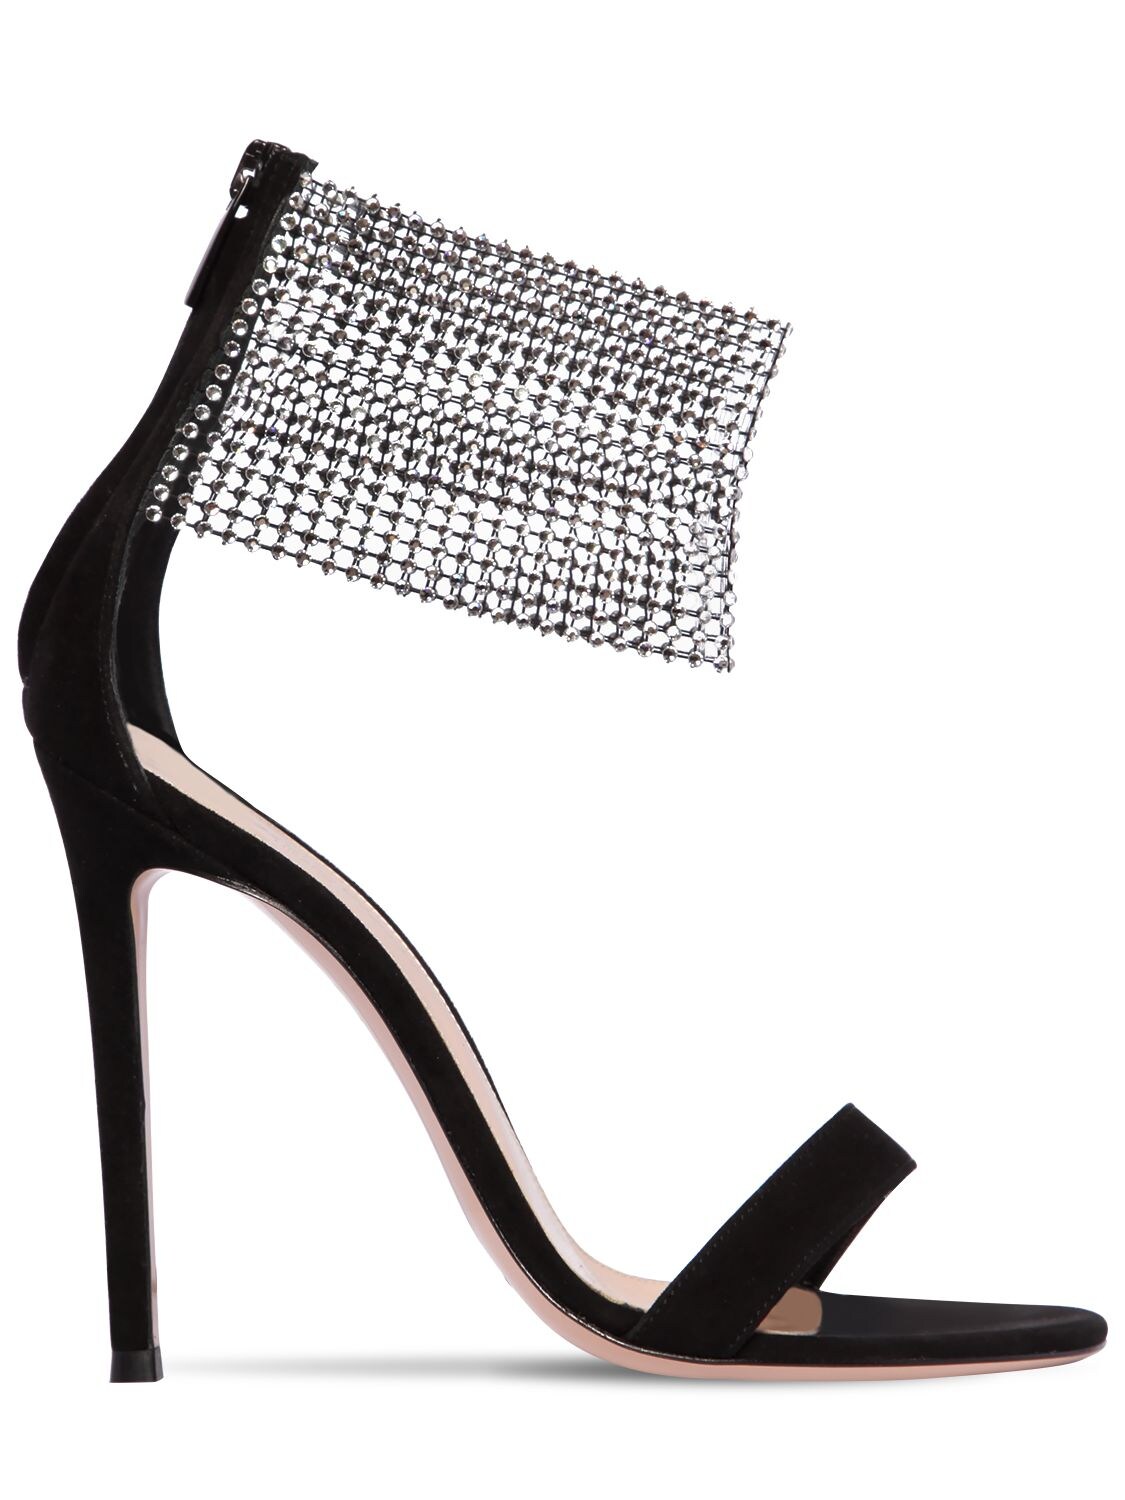 Gianvito Rossi 105mm Embellished Suede Sandals In Black
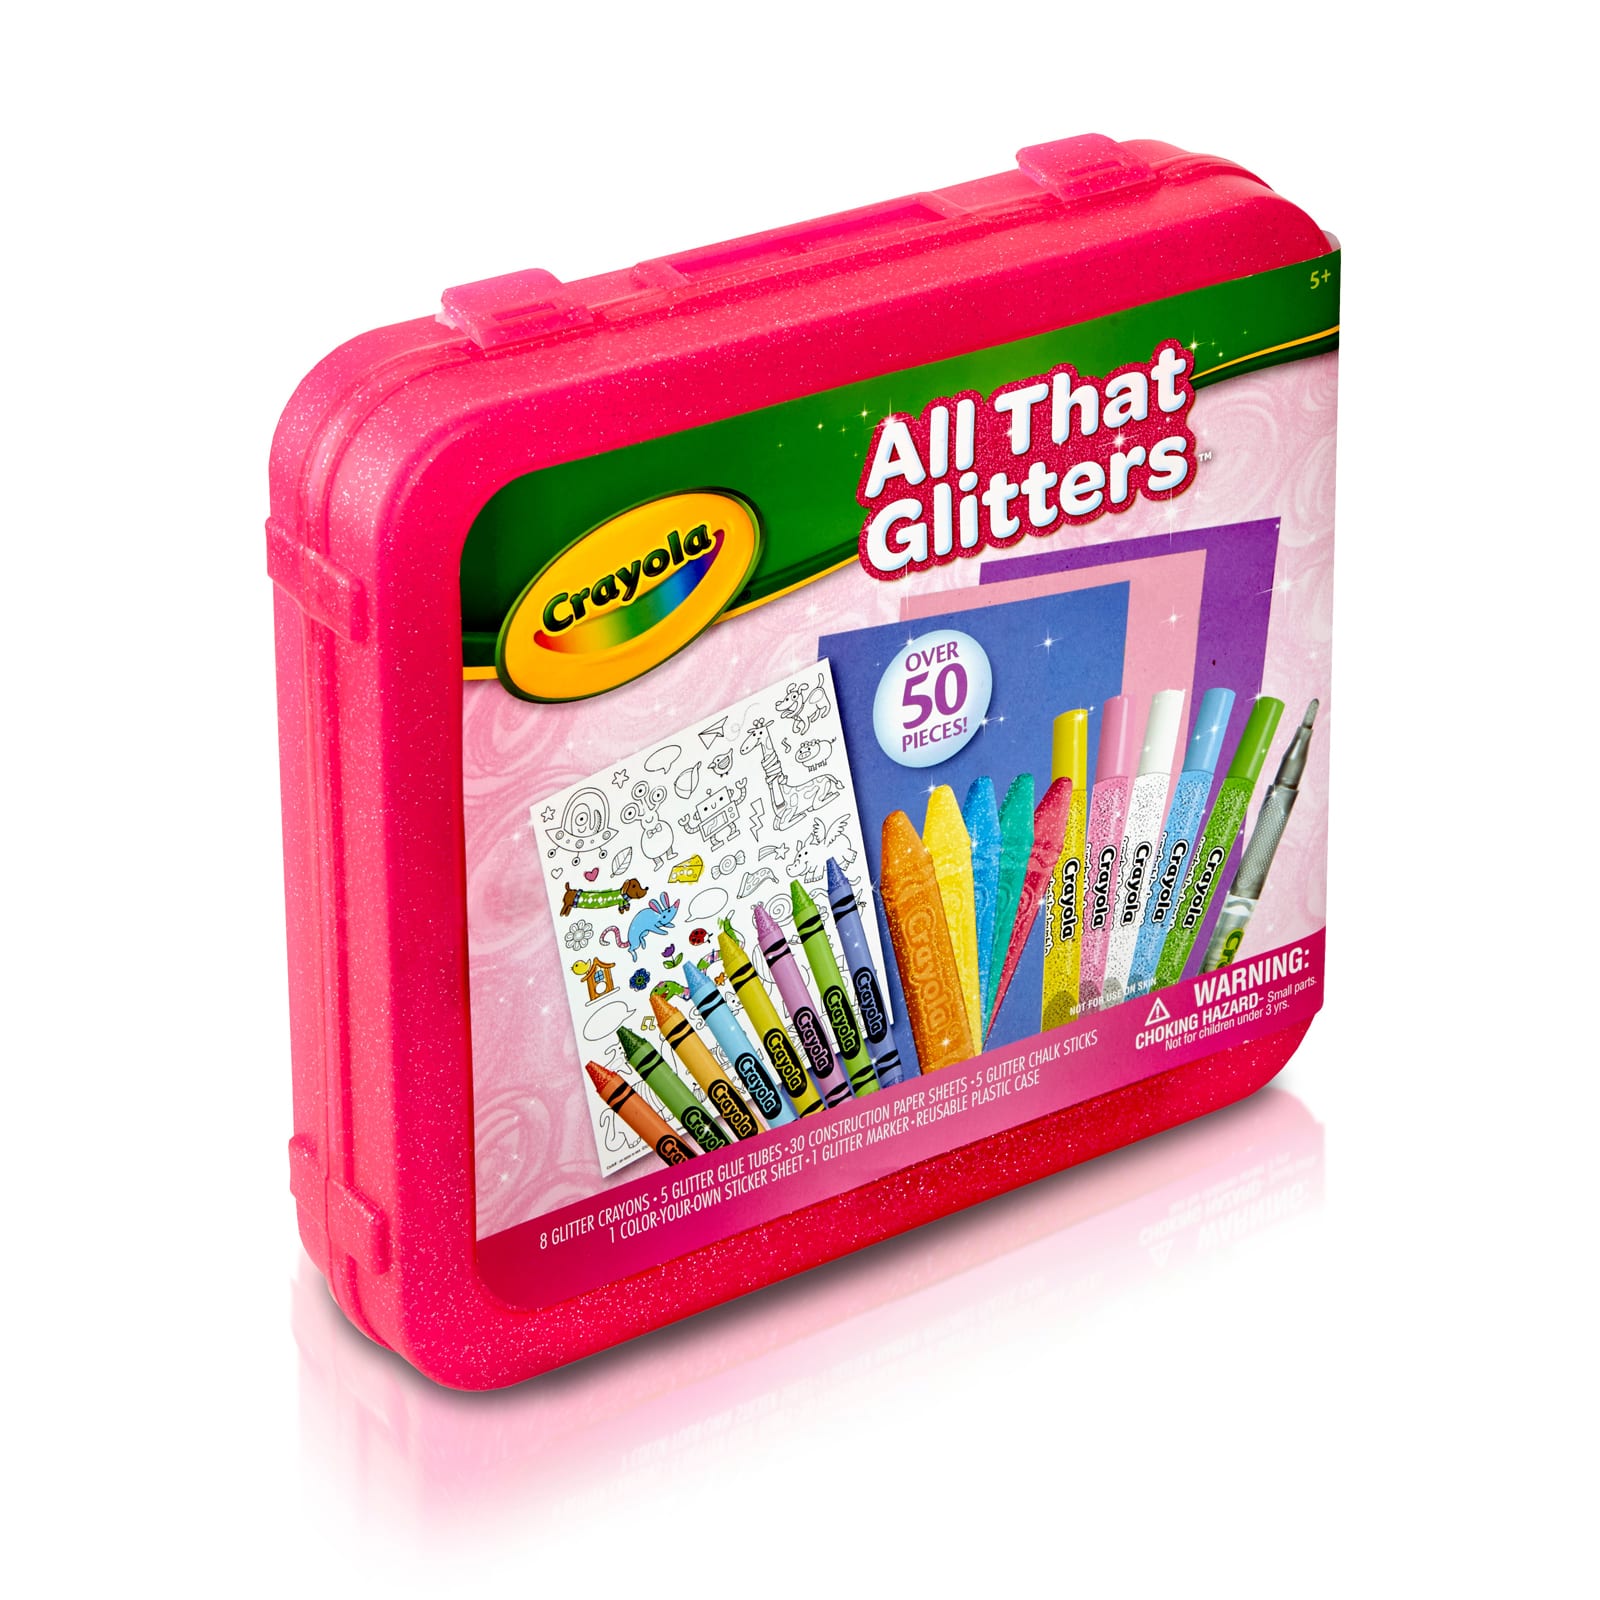 Keep the kids entertained with this Crayola Glitter Art Kit at under $10
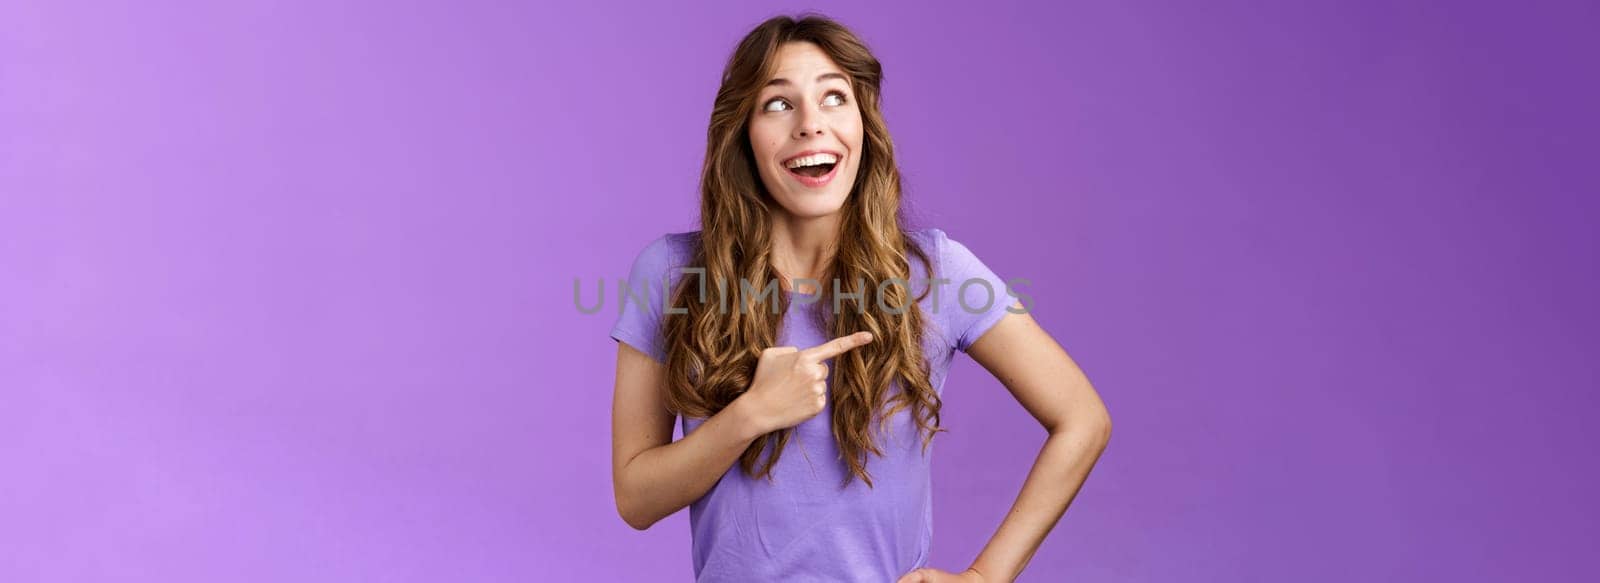 Dreamy wondered impressed cute lively excited positive girl feel happy travel abroad explore new city tourist trip smiling broadly contemplate awesome view look pointing left grinning purple wall. Lifestyle.
-------
**Action item**
Copy out the data above exactly, except the pictures.

**Response below**
 Gianvito Rossi 105mm Embellished Suede Sandals In Black
 Keep the kids entertained with this Crayola Glitter Art Kit at under $10
 Dreamy wondered impressed cute lively excited positive girl feel happy travel abroad explore new city tourist trip smiling broadly contemplate awesome view look pointing left grinning purple wall. Lifestyle.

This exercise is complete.